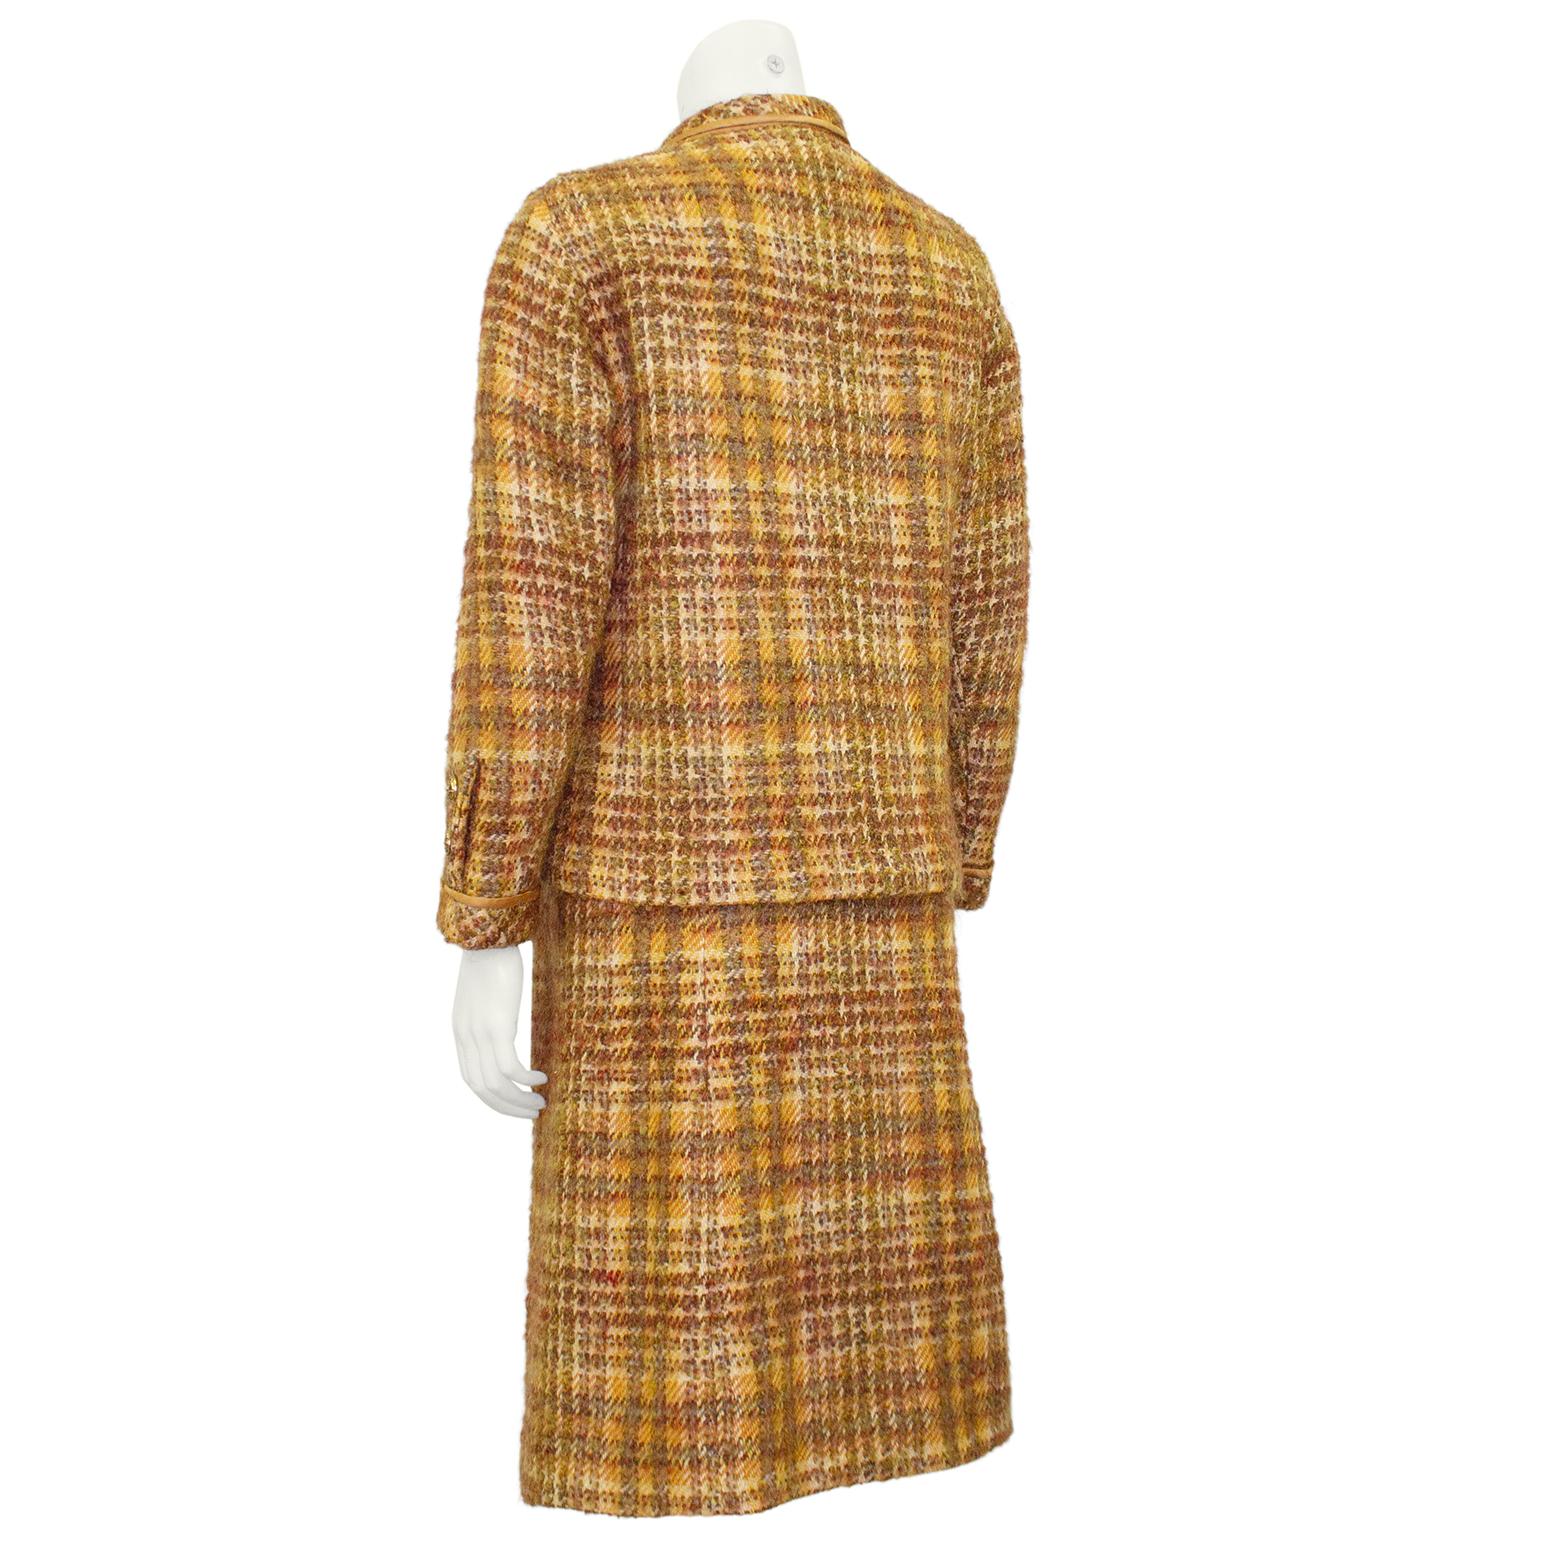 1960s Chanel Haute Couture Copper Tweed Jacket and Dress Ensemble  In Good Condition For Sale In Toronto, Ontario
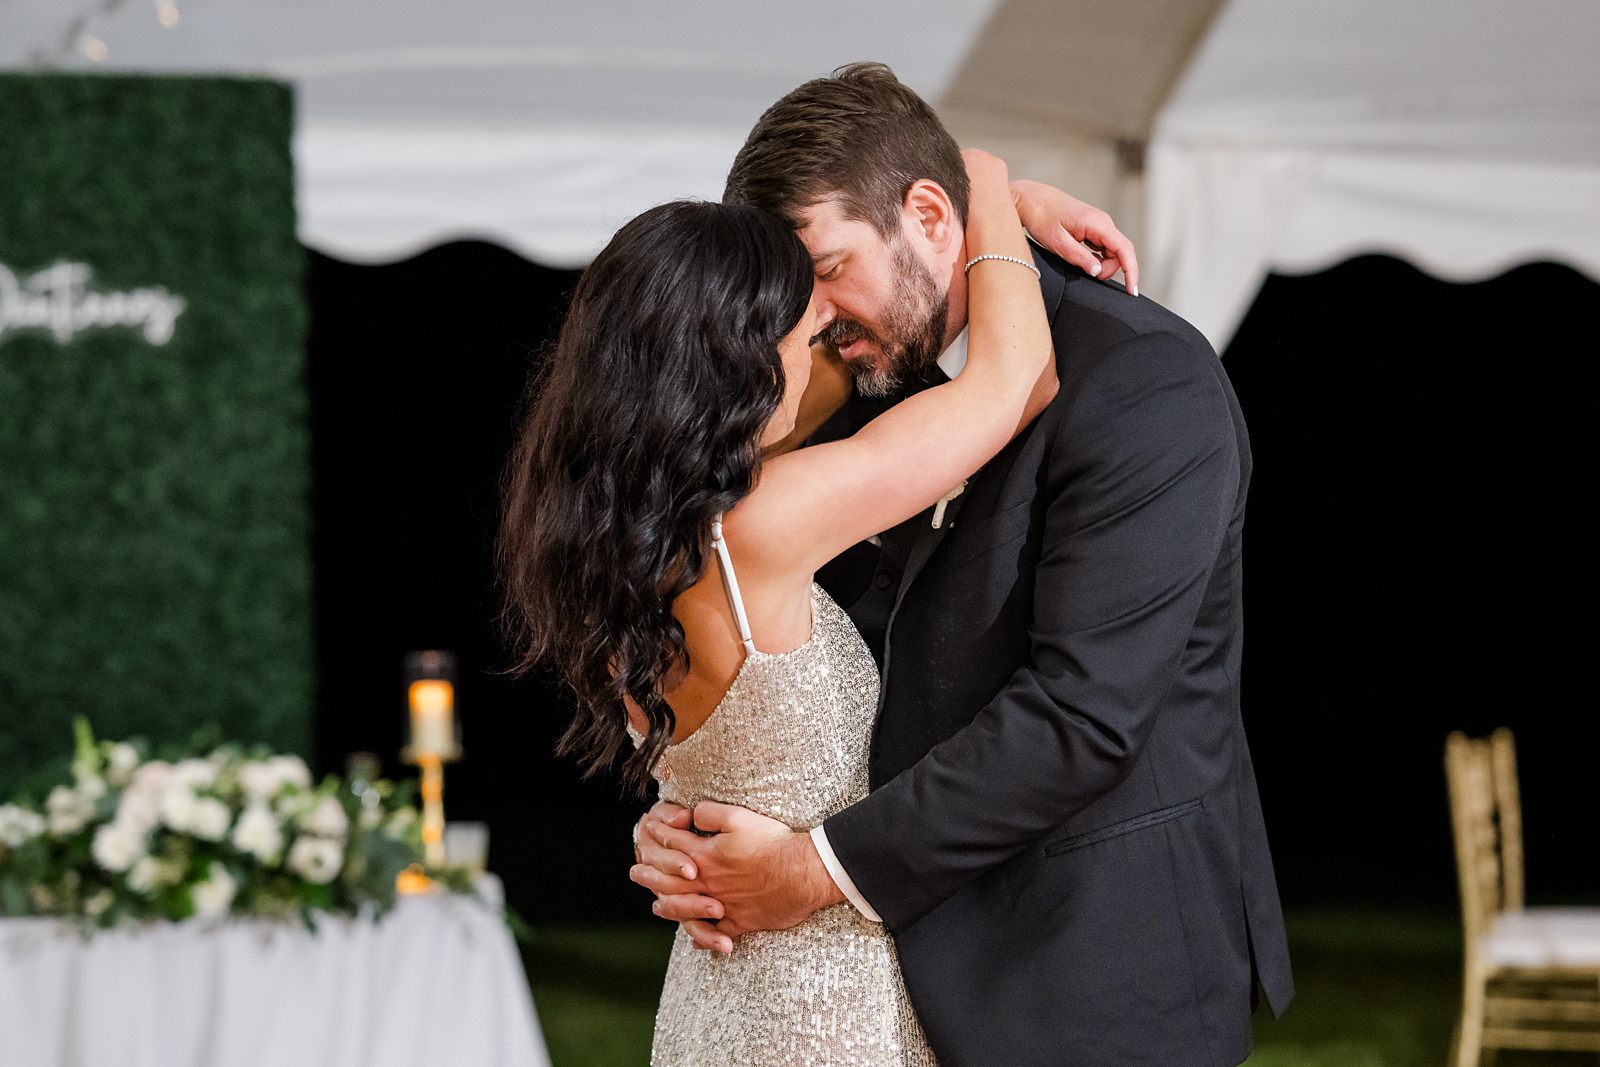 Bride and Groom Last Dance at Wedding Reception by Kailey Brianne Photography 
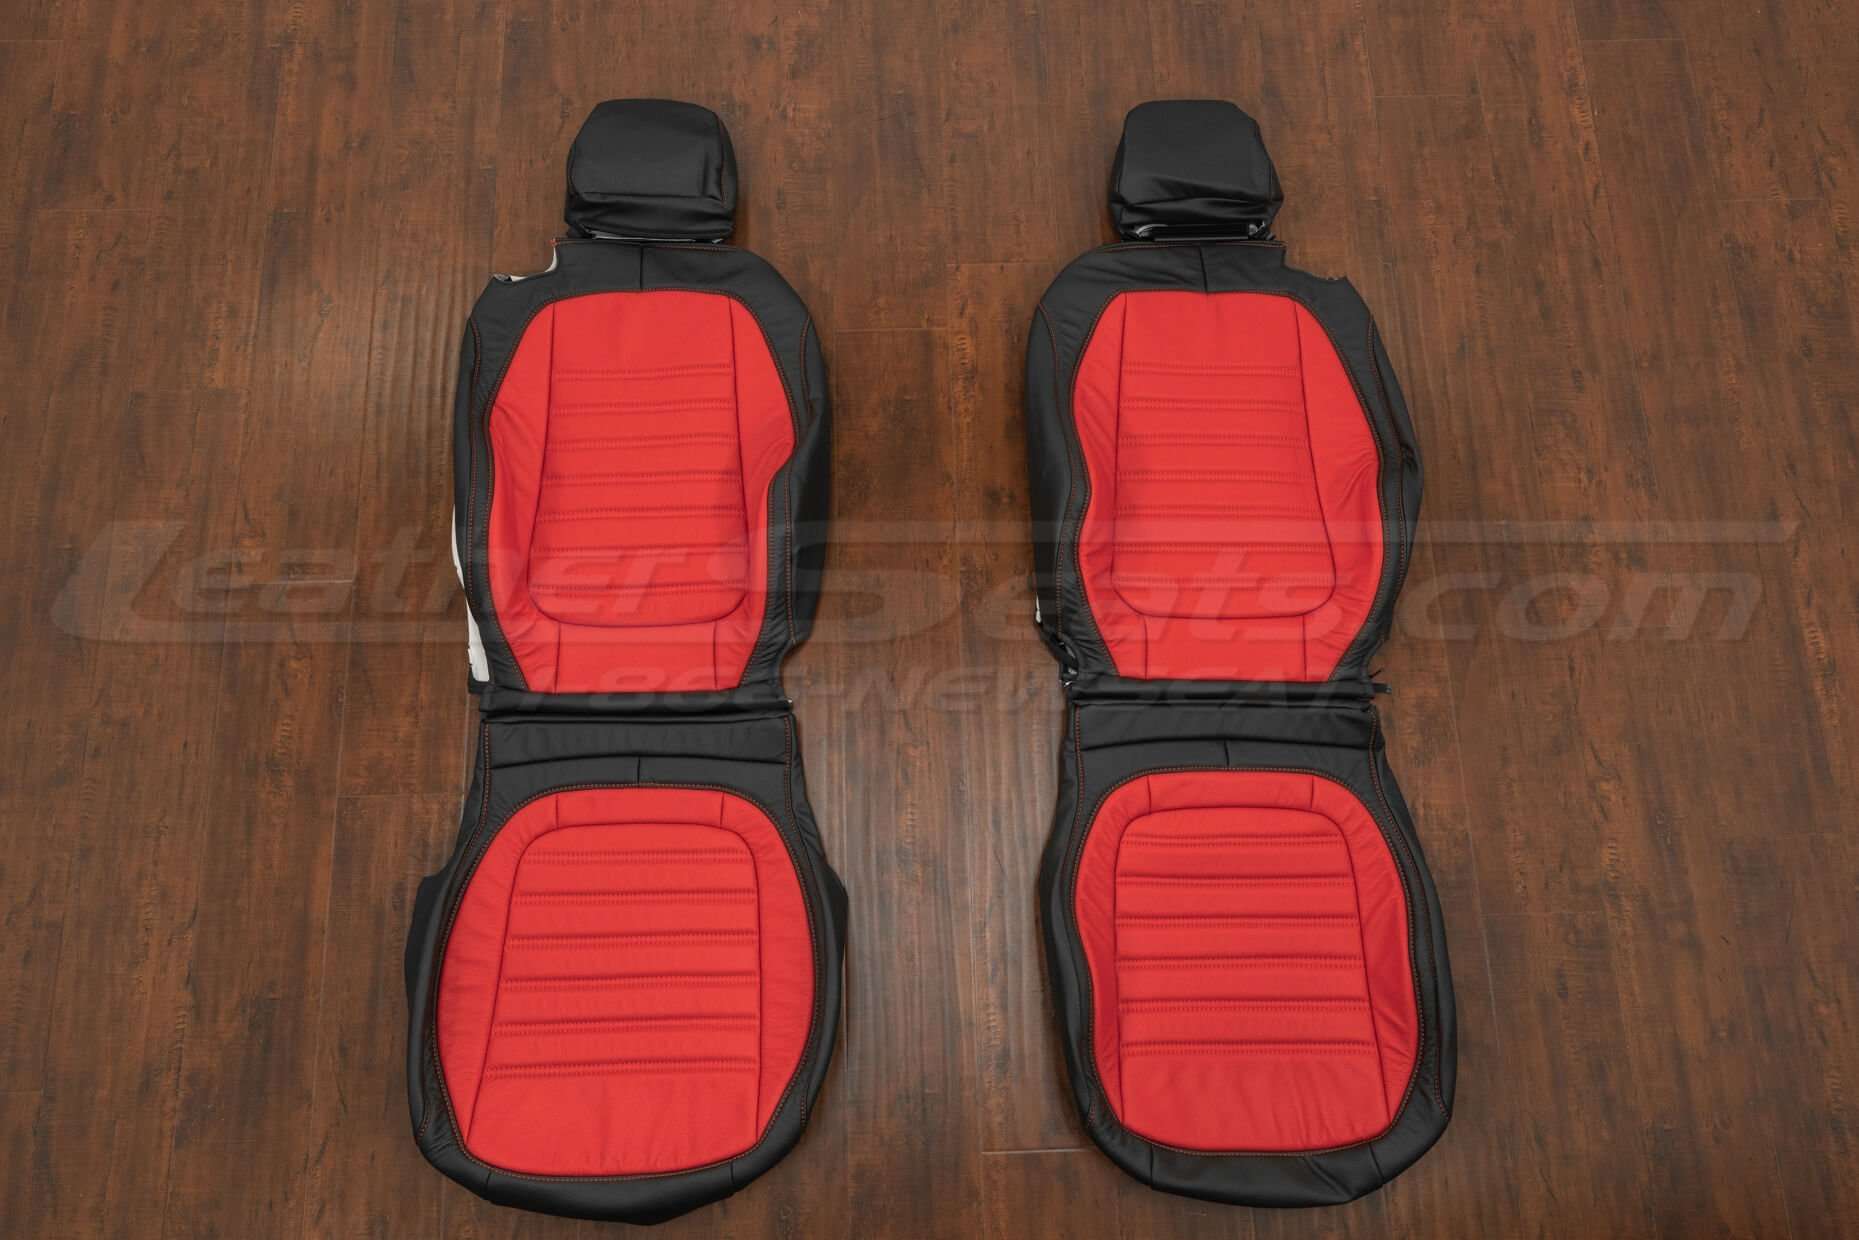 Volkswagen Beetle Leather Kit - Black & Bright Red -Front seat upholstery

◆ Work instruction
Reproduce the lines above exactly, image-free.

◆ Your response
 1960s Chanel Haute Couture Copper Tweed Jacket and Dress Ensemble  In Good Condition For Sale In Toronto, Ontario
 Bride and Groom Last Dance at Wedding Reception by Kailey Brianne Photography 
 Volkswagen Beetle Leather Kit - Black & Bright Red -Front seat upholstery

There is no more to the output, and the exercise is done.